# How was your 2011 fishing season?



## Ryan Y (Dec 1, 2005)

(Got this one from you Kenny)

How was your fishing season in 2011?


I killed my share of flounder this year spearfishing as well as Sheepies. Managed enough grouper too to help fill out the places where the flounder didn't reach in the freezer.
Shot some of the biggest taugs I've ever seen. (they are not to common this far south, but moving in good.) 

Got in on a couple of phenominal drum bites, neither of which were in Hatty. (First time for that.)
Did catch drum in all the usual places.

Bottom fishing was great until the Black Sea Bass vanished. (Thanks SAMFC) Now the grouper and snapper are closed as well due to them being extinct.
Caught more american reds then I've ever seen. Shot lots of gags as well.

Learned a new "Skill"; how to catch stone crabs.


----------



## crumbe (Jul 22, 2011)

Did great fishing out of the yak this year.

Had a great summer for the flounder with several over 22"...and ended with a nice full freezer to help tide me over until next season. Unforunately the pups were almost non-existent up here but I did end up with one out of rudee that was over slot. Just lucked up on him. Had a pretty good year trout fishing also with some nice ones. And the few times I went out striper fishing at the HRBT ended pretty good also.

All in all I enjoyed every day I went out..and look forward to the spring.


----------



## KB Spot Chaser (Nov 19, 2009)

Mine was well, having been in some real good drum bites and like Ryan said all the seabass you wanted til they disappeared. The best was the school of reds that I fished from mid June until end July out in the surf. Overslot fish with several in mid-thirties on medium spinning tackle and lures(spoons and topwaters) over 150 fish easily. Hope they come back next year a few inches bigger, tags will tell. Lots of fish out of the yak, and don't forget about the early season fun on the shad and stripers upriver, excellent troutfishing out of the surf late fall up til Christmas the best I have seen in a long time. I also went to Cape Lookout for the first time, if you love Hatteras you will love Lookout even more for its seclusion. Hope to go back real soon, I'm ready and got some Cobbs.


----------



## ReelKingin (Aug 3, 2009)

slowest flounder year from the last 5 for me....Kings? Is there such a fish left? lol....Sheepheads was good, spanish & trout was ok...thats about it...hopefully 12' will be a tad better


----------



## Hooked Up (Feb 6, 2009)

cant complain a bit.......was able to snag 4 paper fish from 3 species.....rocks reds n blacks


----------



## AbuMike (Sep 3, 2007)

Sucked dog nuggets. Just did not get to go much this year.


----------



## Ryan Y (Dec 1, 2005)

I think i caught one king all year myself. But for me, thats a good thing.
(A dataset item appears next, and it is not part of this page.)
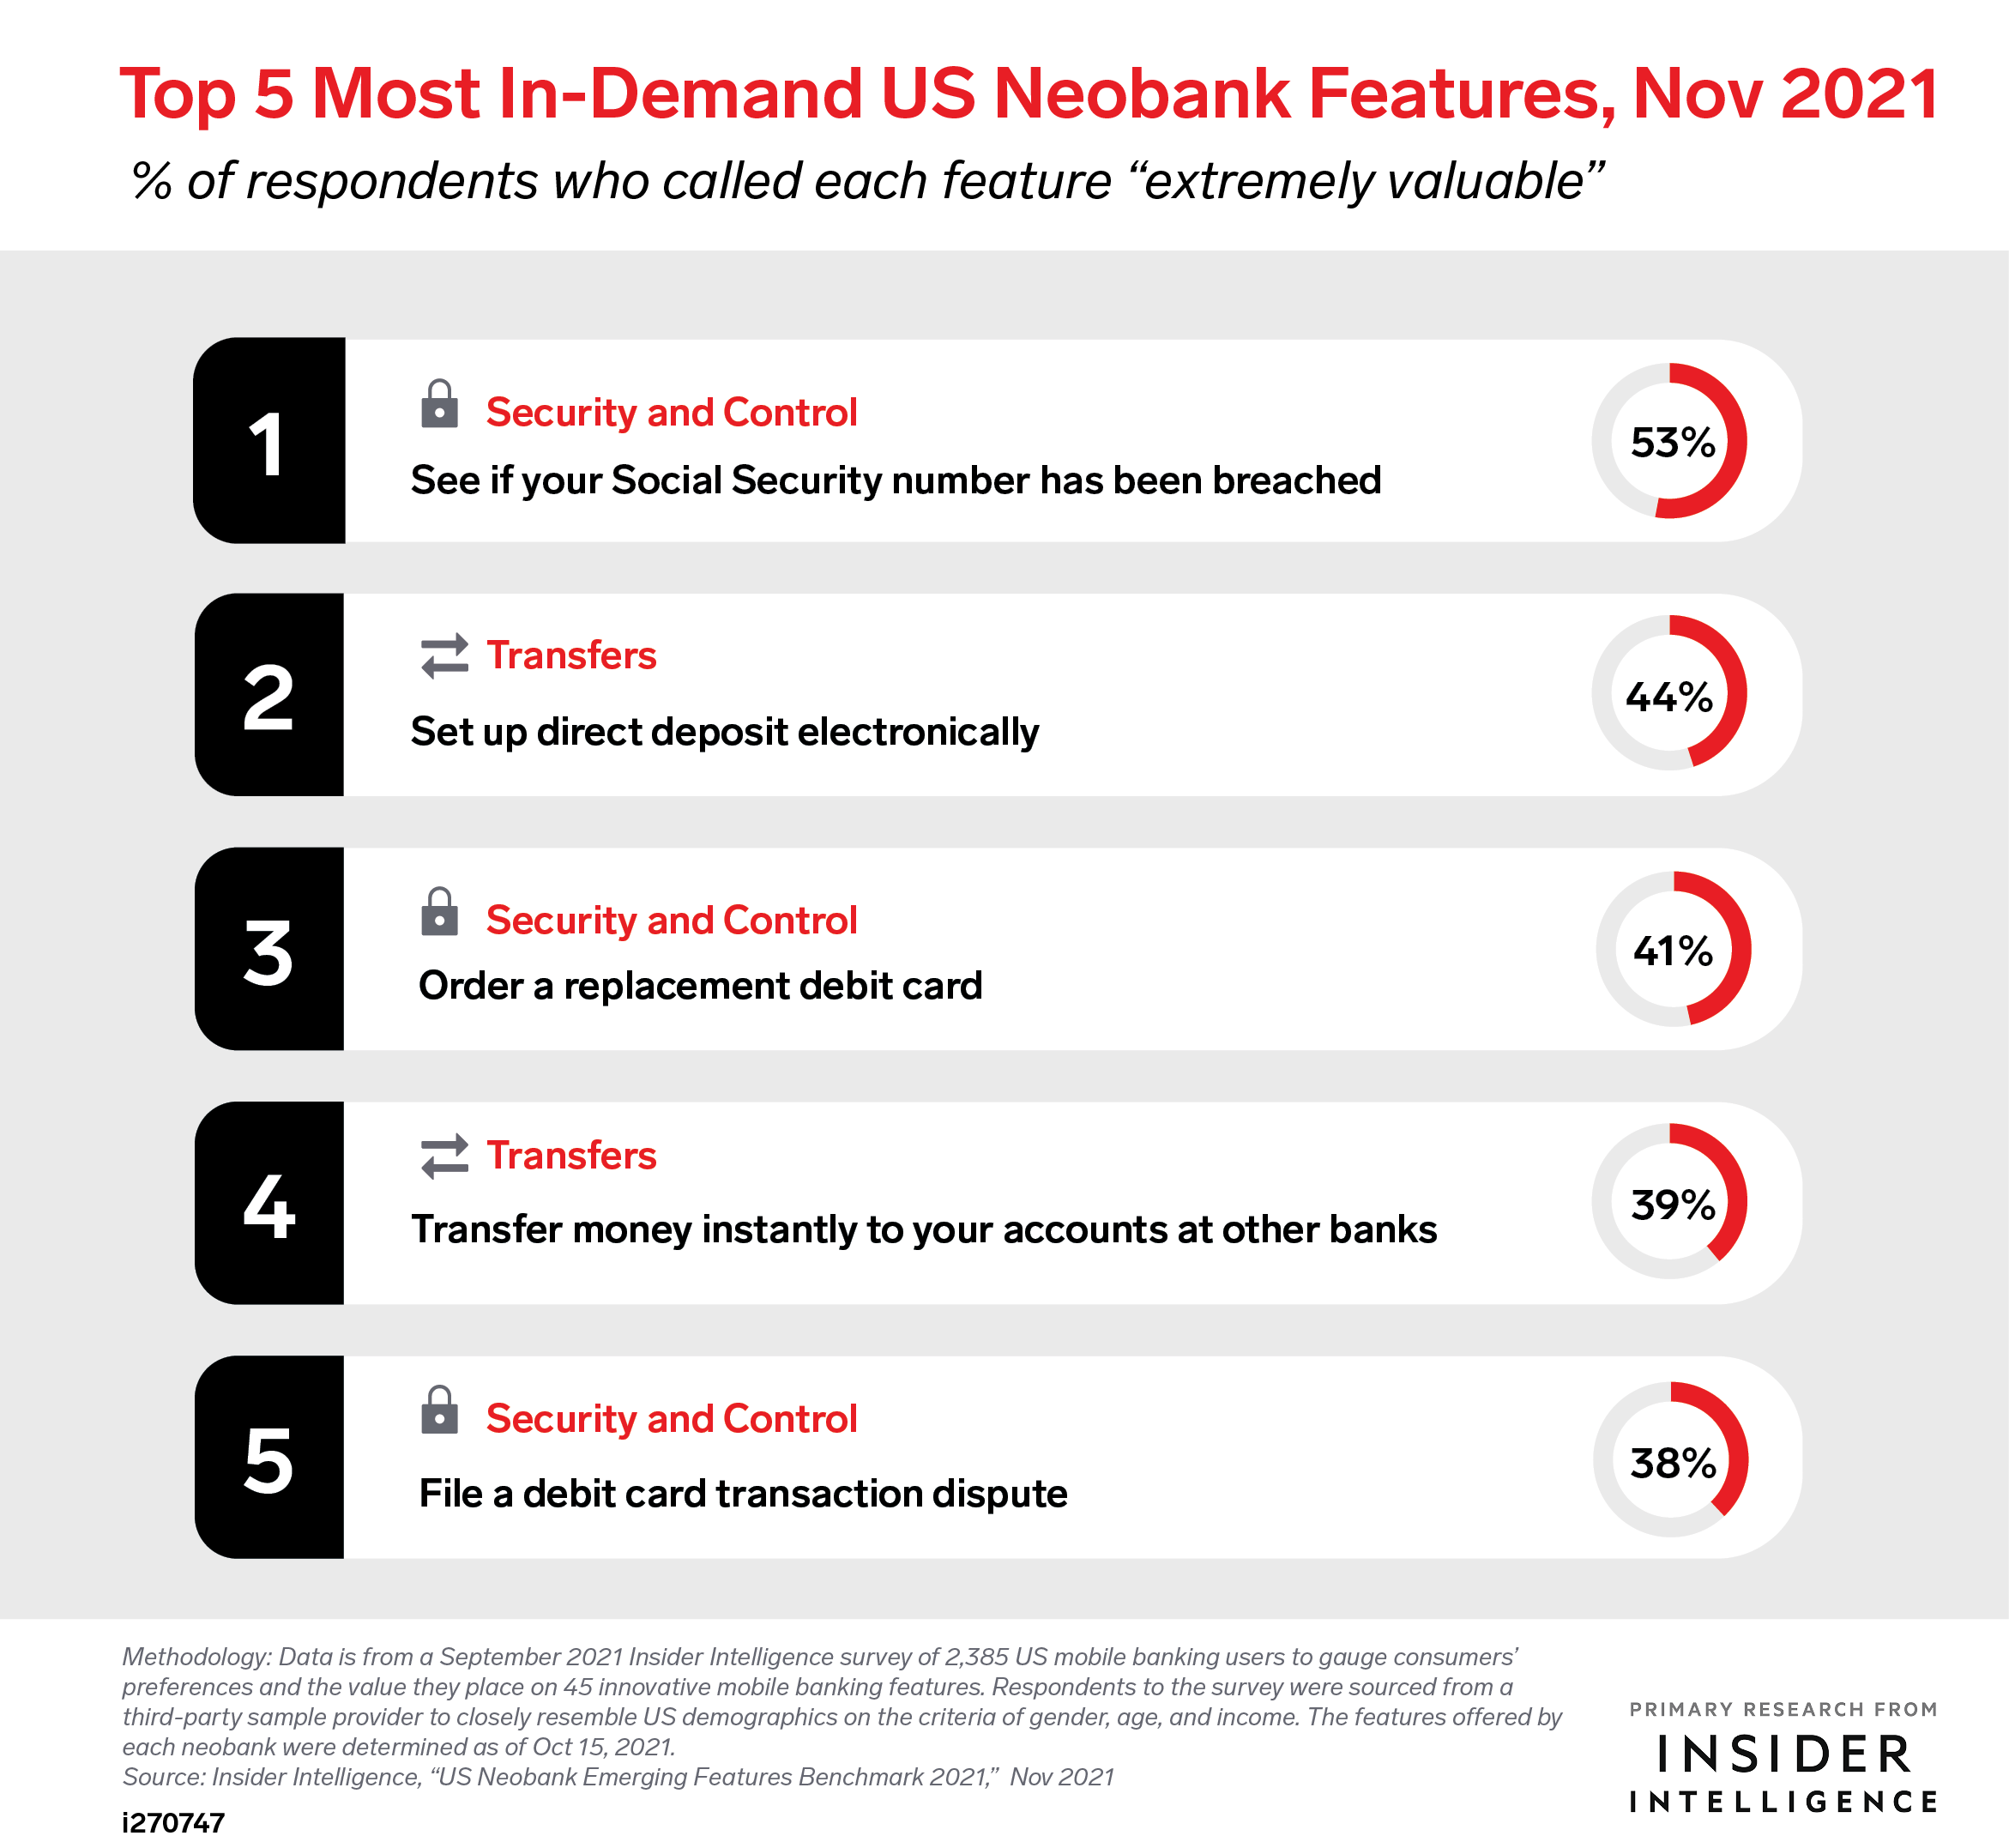 Top 5 Most In-Demand US Neobank Features, Sep 2021 (% of respondents who rate feature

Several of my flounder were five pounds or better.


----------



## kingman23 (Feb 9, 2010)

Mine was overall pretty good, I caught one nice sized cuda, lots of blues, a few spanish, broke off lots of big sharks, but never even saw a king (caught) this year. For freshwater, I had a terrible year in the lake I normally catch lots of catfish in i think i caught maybe 10 the whole year. But in the potomac, this year was probably the best Ive ever done catching catfish we caught 18 good sized fish one day this year.


----------



## surffshr (Dec 8, 2003)

surf or boat?


----------



## drumchaser (Jan 14, 2003)

I did good with the stone crabs too. By far my favorite meal out of the salt.


----------



## Ryan Y (Dec 1, 2005)

Yea..surf or boat...any fishing.


----------



## gshivar (Aug 29, 2006)

No big drum. flounder so-so. Good sp trout locally. Ryan,have you worked WB area for claws? I am still going to work N & S before it is over. Do not want to see you in MY claw area next fall, LOL!! Had a good charter out of Hatteras with Patrick Caton. Hard to release 6 of these.







best - glenn


----------



## chris storrs (Aug 25, 2005)

decent spring catfishing...decent shad spring season, everytime i brought along a striper rod they were noowhere to be found...kept busy weekdays bass fishing, did alright with 2-3 pounders in local ponds nothin big...didnt get to chase spring drum, finance reasons, ..........summer did good...2 pier kings, awesome spanish bites, sharks kept things interesting with livebaiting, many times too interesting, BIG BIG spanish had me drooling chasing my baits around, no takers, some awesome cobia fishing outta the boat stepladdar style,heck of an adrenaline rush havin one take an eel while ur holing on for dear life with the current ripping thru the pilings standing on a stepladdar strapped down to a carolina skiff holding on with one hand, a pissed off cobia screaming a heavy drag in the other hand...sailfish offshore....never did catch one of the darn frigate mackeral i chased all year...got somethin for em next year......fall fishing, lets just say im still on suicide watch, fished more than i ever have in a fall from va in mid sept to nc mid november....mr drum and i are not on good terms, and he will be getting a beating come springtime...winter catfish were non existant for me in my "lazy mans hole"..still awaiting hot water


----------



## don brinson (Apr 8, 2011)

fishing was great, the catching was a little slow.Met some new friends on the beach,So a good year altogether.


----------



## drumrun (Dec 5, 2007)

My wife caught her first paper drum off the beach at 49.5 fl. A real nice fish. I got a few this fall, none that big. I caught my biggest cobia(90# class fish) ever this yr, Thanks DRUMDUM. We had the best spring flounder season I have seen in 10 yrs. You could catch your limit in under an hr. Tossed alot of lures at alot of spanish, nice sized ones at that and got zero. Had them come off stingsilvers, blow up surface lures and still got nada, a few dinks but darn I missed some real nice fish. All and all I would not mind a repeate next yr.


----------



## Drumdum (Jan 6, 2003)

A "ho-hum" year alltogether.. Drum in the spring,just ok with closures coming to quickly.. Cobia were there,but not like they could have been,water temps allowed them to get around the point and zoom to the bay a little faster. Pier fishing n of Hatteras was a bust with Avalon and Nags Head in LOW numbers.. Beaches at Corrolla and Corova were almost unheard from as thier numbers were WAY down.. Avon came out of the gate,once it was set to fish after the big storm,with a flurry.. Month of Oct there was excellent,but then the animal grass moved in with the huge swell from low off the coast and ruined it for first of nov.. With only ONE drum caught in nov.. Buxton Point on the other hand had one of the best falls for drum in quite a while.. 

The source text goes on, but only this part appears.